Clinically meaningful differentiation across efficacy measures were seen in patients administered domvanalimb in combination with zimberleimab or etrumadenant vs zimberelimab monotherapy.
Patients with first-line non–small cell lung cancer (NSCLC) given domvanalimb combined with zimberelimab (AB122) or zimberleimab plus etrumadenant (AB928) continued to have clinically meaningful differentiation across all efficacy measures compared with those in the anti-PD-1 zimberelimab monotherapy arm, according to findings from the fourth interim analysis of the phase 2 ARC-7 study (NCT04262856).1
This interim analysis of the open-label, randomized study evaluated the efficacy of patients with NSCLC who had at least 13 weeks of potential follow-up and were eligible for at least 2 imaging scans (n = 133).
In both arms where domvanalimab was administered, patients continued to have clinically meaningful differentiation vs patients given zimberelimab alone, including in objective response rates (ORR), progression-free survival (PFS) and 6-month landmark PFS.
“The efficacy measures observed, including PFS, reinforce confidence in the TIGIT pathway. The interim results show that combining two checkpoint inhibitors, an anti-TIGIT and an anti-PD1, delivered added benefit beyond anti-PD-1 monotherapy in this setting,” said Melissa L. Johnson, MD, director of lung cancer research, Sarah Cannon Research Institute at Tennessee Oncology, and lead investigator for the ARC-7 study, in the press release. “These data are important for the lung cancer research field, and I look forward to presenting the dataset at the upcoming virtual ASCO [American Society of Clinical Oncology] Monthly Plenary on December 20th.”
The multicenter, 3-arm, phase 2 ARC-7 study aims to evaluate the safety and efficacy of the anti-TIGIT antibody domvanalimab in combination with anti-PD-1 antibody zimberelimab vs domvanalimab plus zimberelimab and etrumadenant vs zimberelimab alone in a total of 150 patients with first-line metastatic NSCLC.2 Patients are randomized in a 1:1:1 ratio across each of the 3 study arms. Patients who progress on zimberelimab monotherapy may cross over to receive treatment with the triplet.

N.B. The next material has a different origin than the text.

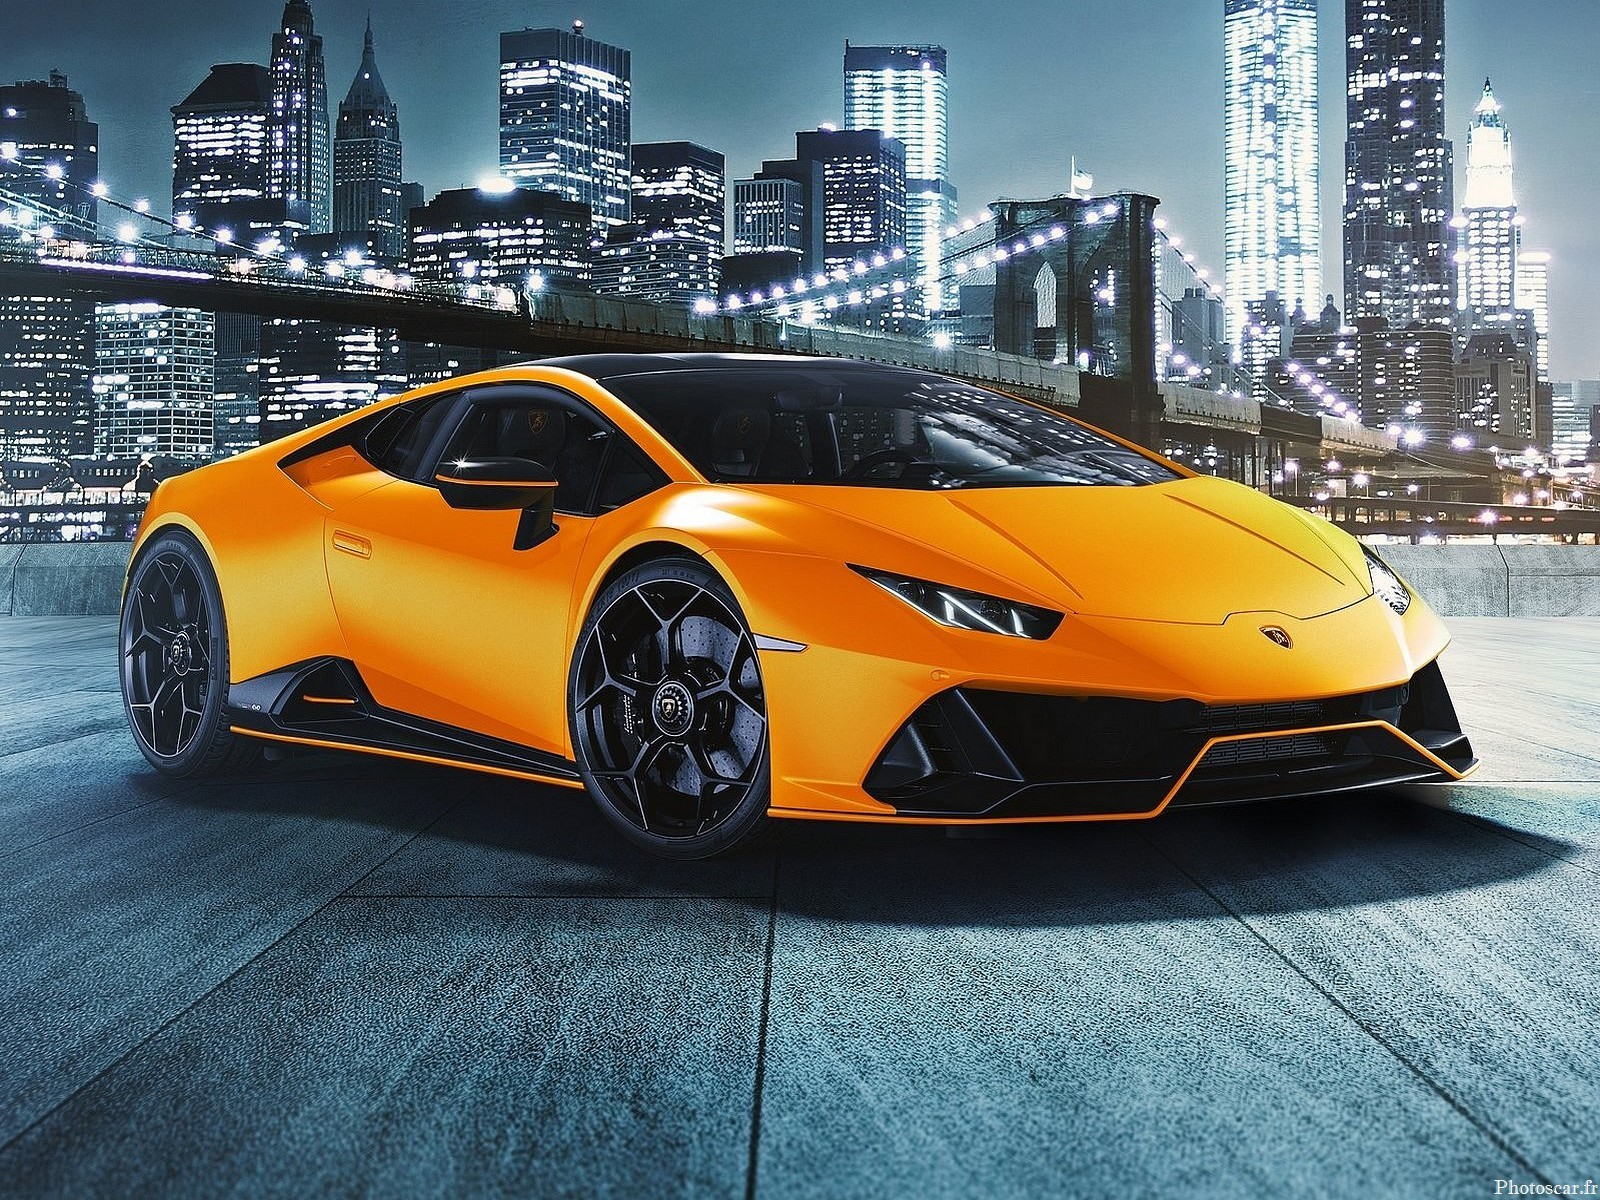 Lamborghini Huracan Evo Fluo Capsule 2021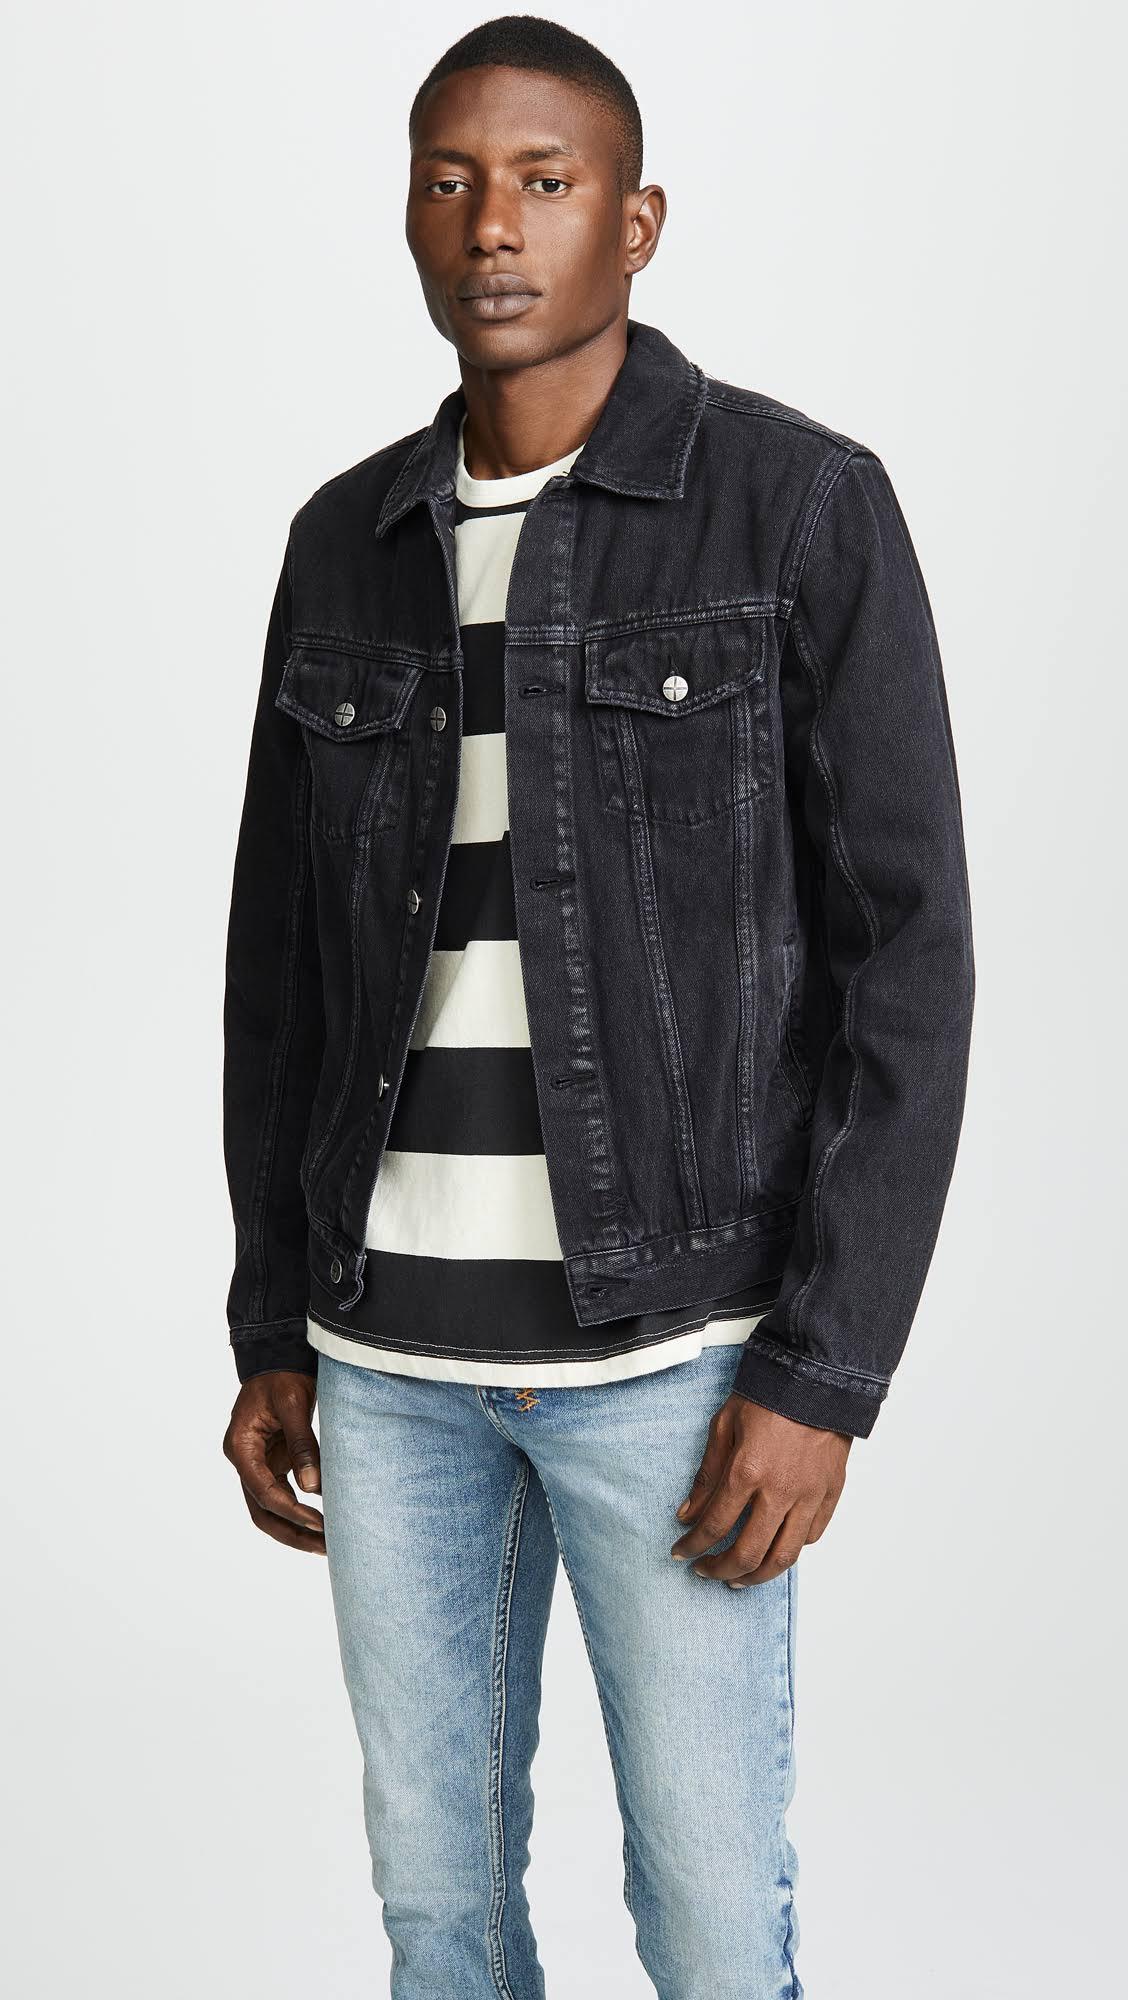 Jacket Jacket Ksubi Denim Ksubi Black Denim Black Ksubi Jacket Jacket Black Ksubi Denim Ksubi Denim Black Denim Jacket rA5qRAwa

Enrollment is open to patients aged 18 years and older with histologically confirmed, treatment naïve, metastatic squamous or non-squamous NSCLC with documented high PD-L1 expression and no EGFR or ALK genomic tumor aberrations. Patients must have a PD-L1 tumor proportion score ≥50%, an ECOG performance status score of 0 or 1, at least 1 measurable lesion per RECIST v1.1, and adequate organ and marrow function.
At the time of the fourth interim analysis, 133 patients had at least 13 weeks of potential follow-up and were eligible for at least 2 tumor assessments. Investigators are evaluating the co-primary end points of objective response rates (ORR) and progression-free survival (PFS) as well as the secondary end points of duration of response, disease control rate, overall survival, and safety.
Among both arms which included patients who received domvanalimab, clinically meaningful differentiation was seen compared with patients who were administered zimberelimab alone across efficacy measures, including in ORR, PFS, and 6-month landmark PFS.
Additionally, no unexpected safety signals were observed across any of the 3 study arms and both arms containing domvanalimab were generally well tolerated at the time of data cutoff. The overall safety profiles for each individual molecule were also consistent with their known safety profiles to date.
Expanded results from this fourth interim analysis and an exploratory analysis examining 12 patients who crossed over from receiving zimberelimab monotherapy to triplet therapy will be presented at the December 2022 ASCO Monthly Plenary Series.
“These results strengthen our belief in the potential of domvanalimab and the promise of our anti-TIGIT approach to meaningfully impact the outlook for people with metastatic lung cancer,” said Bill Grossman, MD, PhD, senior vice president, therapeutic area head of Gilead Oncology, in the press release. “We will continue to accelerate our TIGIT development program with Arcus, with 4 ongoing registrational studies in NSCLC and upper [gastrointestinal] malignancies.”